* _Work to be completed_
Give the data again exactly as written, skipping any pictures.

* _Input data_
- - - -
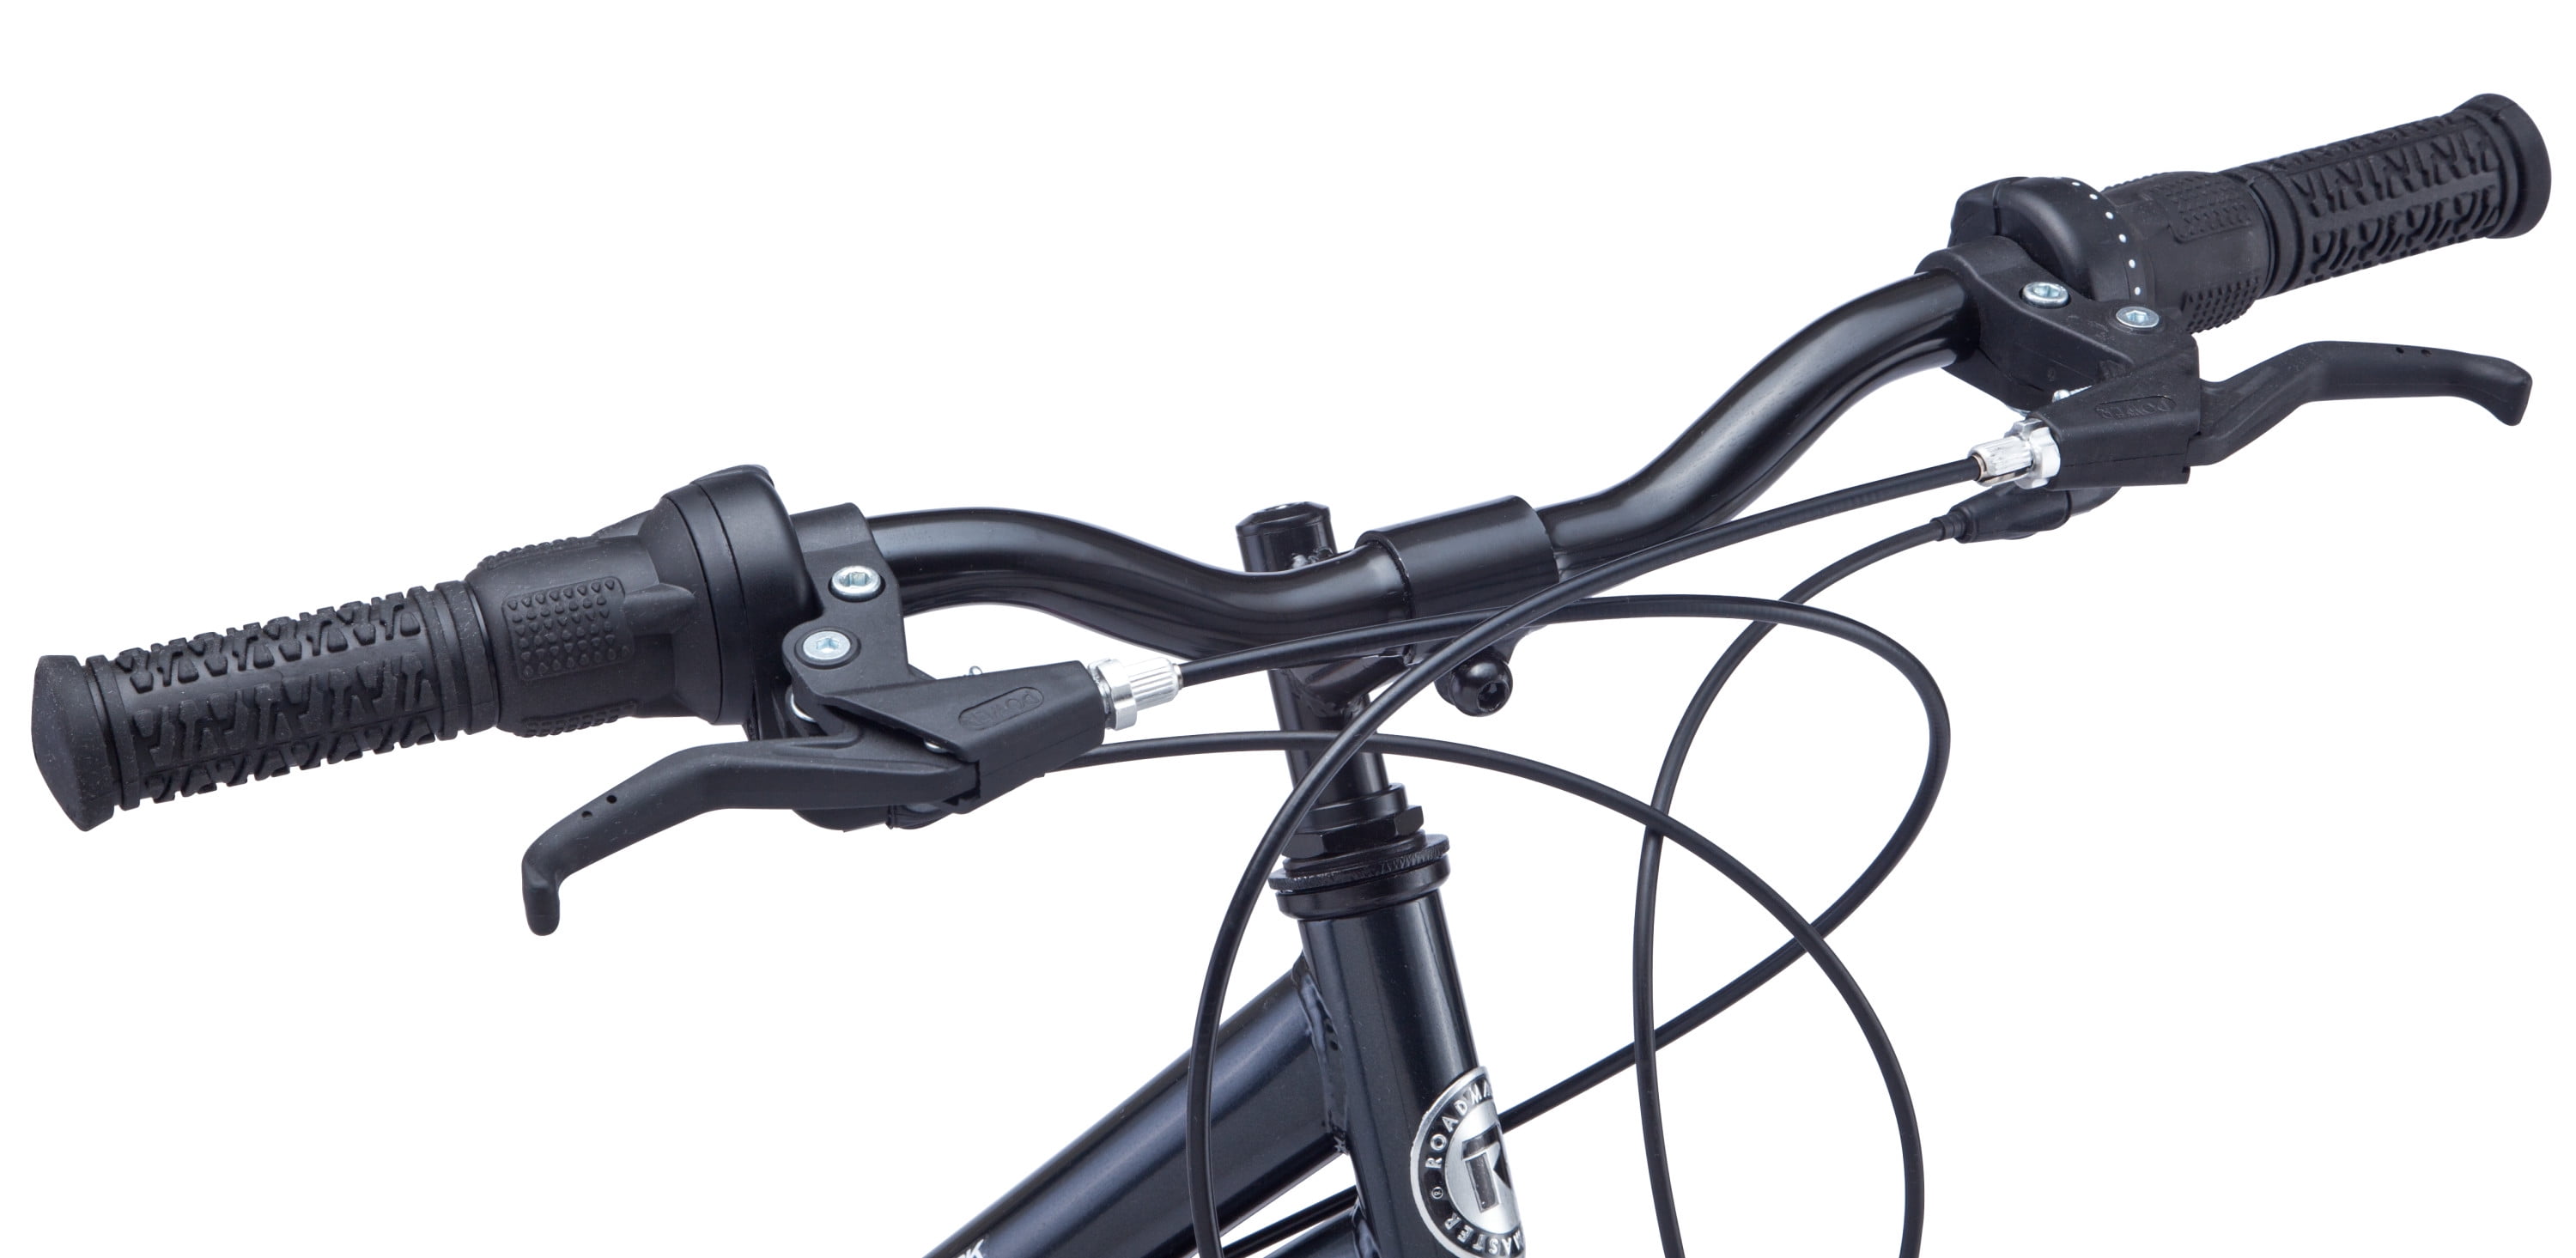 In Hand! Details about   Roadmaster Granite Peak Women's Mountain Bike Grey 26-inch wheels 
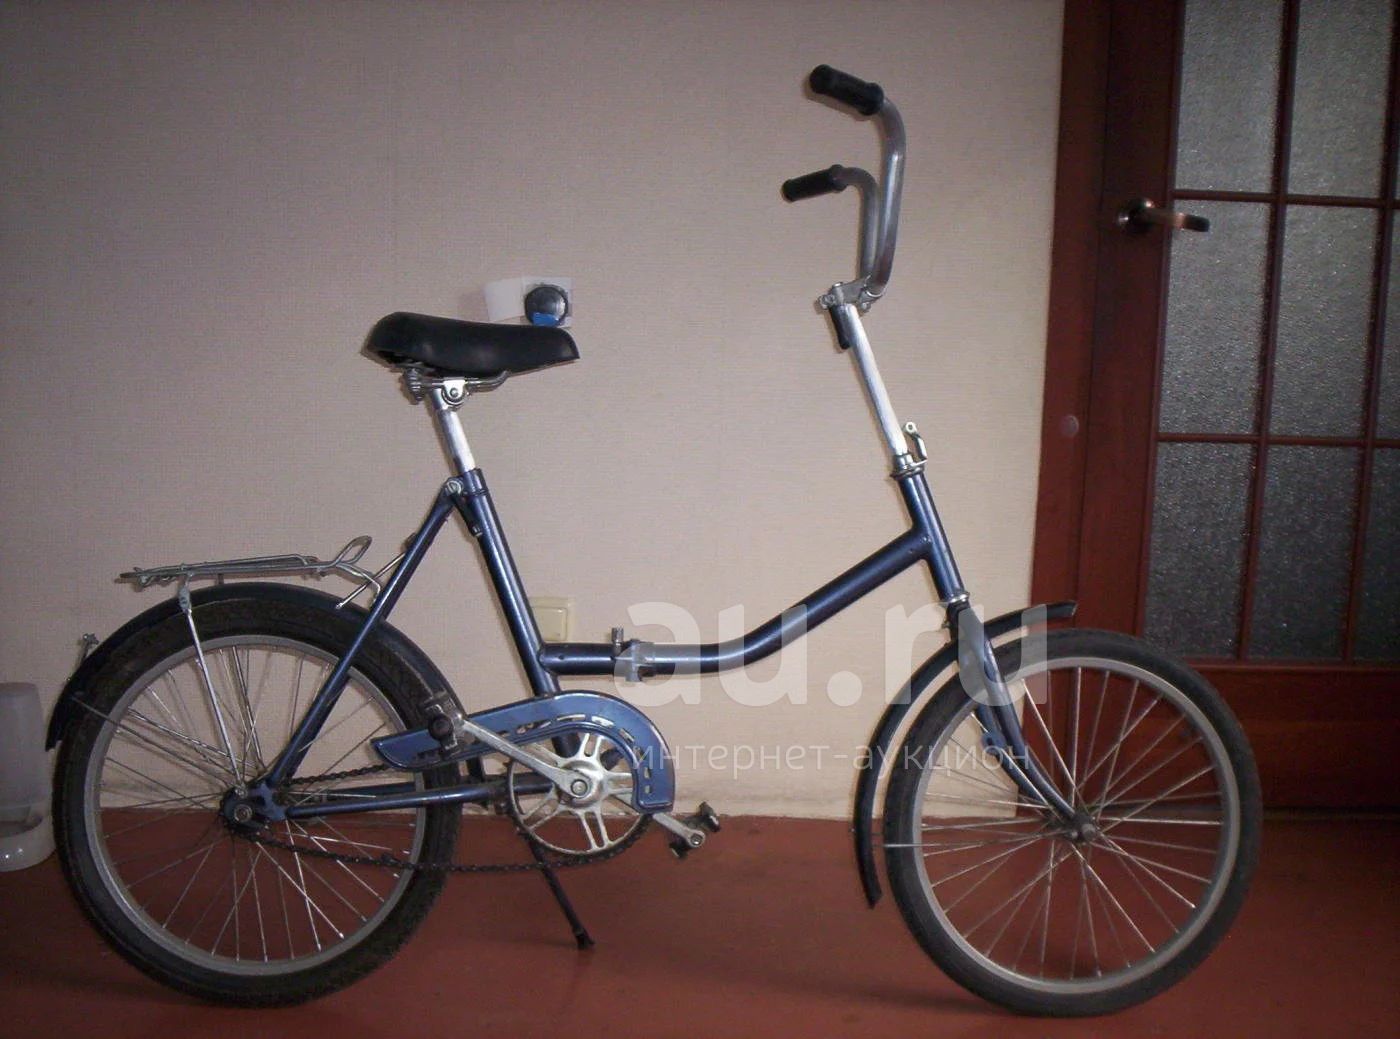 Велосипед кама диаметр колеса. Советский велосипед Кама. Велта Кама велосипед. Велосипед Кама диаметр колеса 20 дюймов. Велосипед Велта Кама 2000.
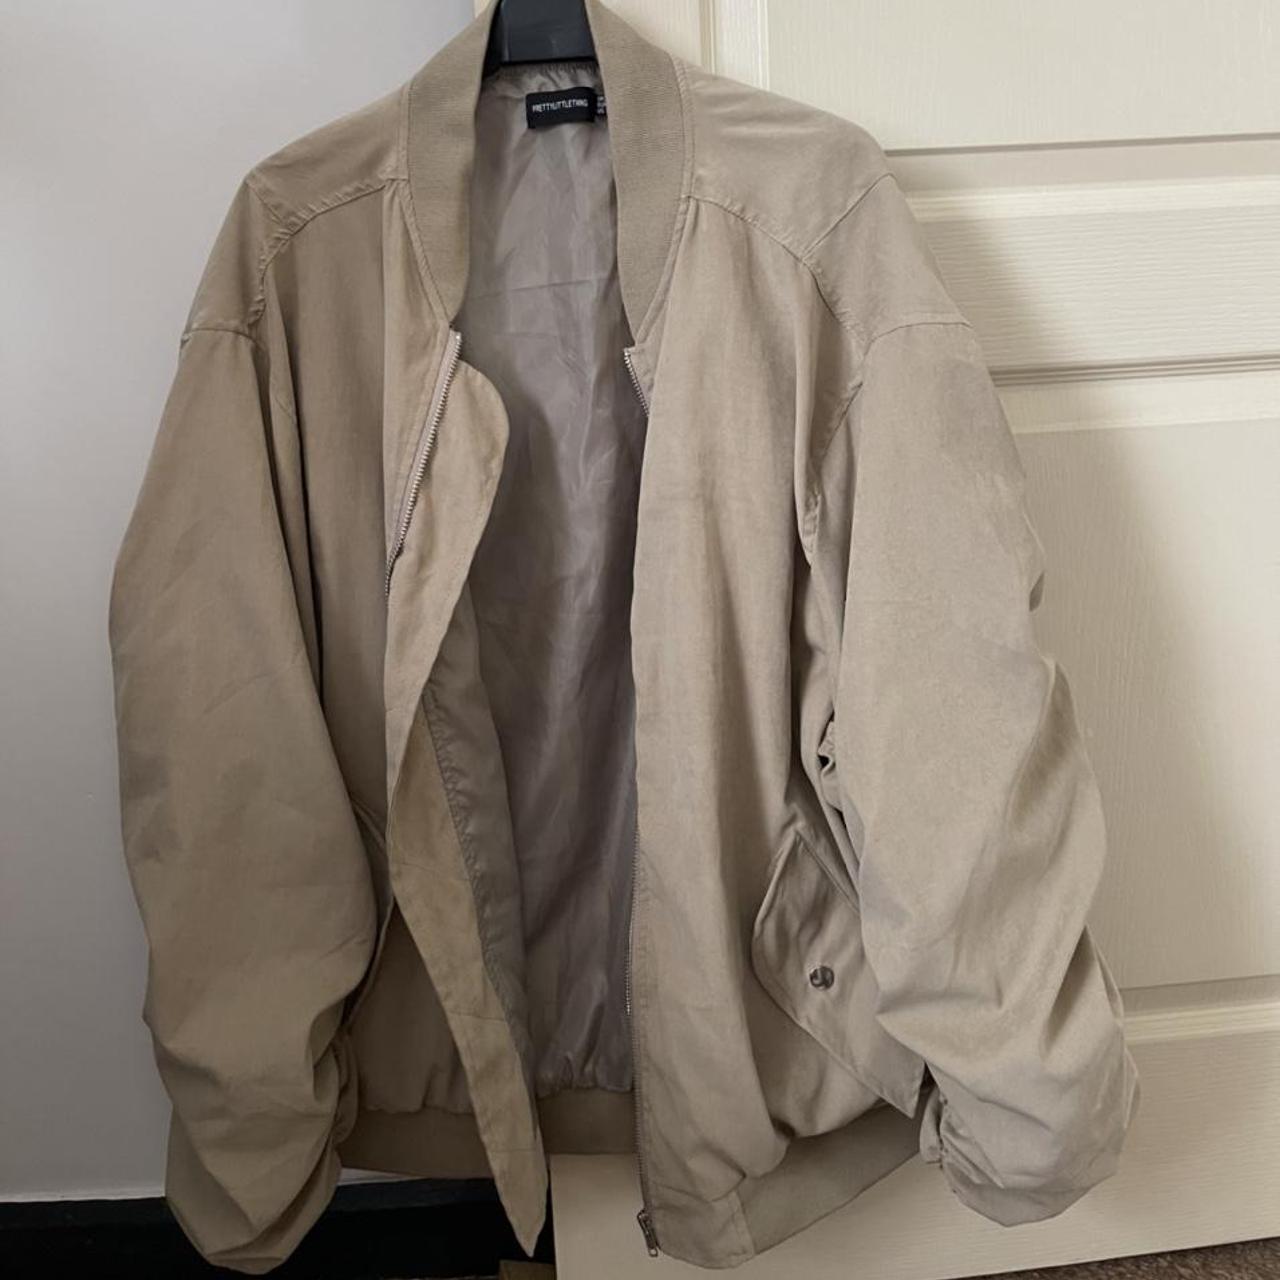 Oversized bomber jacket, worn once, size 8 - Depop
- - - -
* _Task solution_
 In Hand! Details about   Roadmaster Granite Peak Women's Mountain Bike Grey 26-inch wheels 
 Велосипед кама диаметр колеса. Советский велосипед Кама. Велта Кама велосипед. Велосипед Кама диаметр колеса 20 дюймов. Велосипед Велта Кама 2000.
 Oversized bomber jacket, worn once, size 8 - Depop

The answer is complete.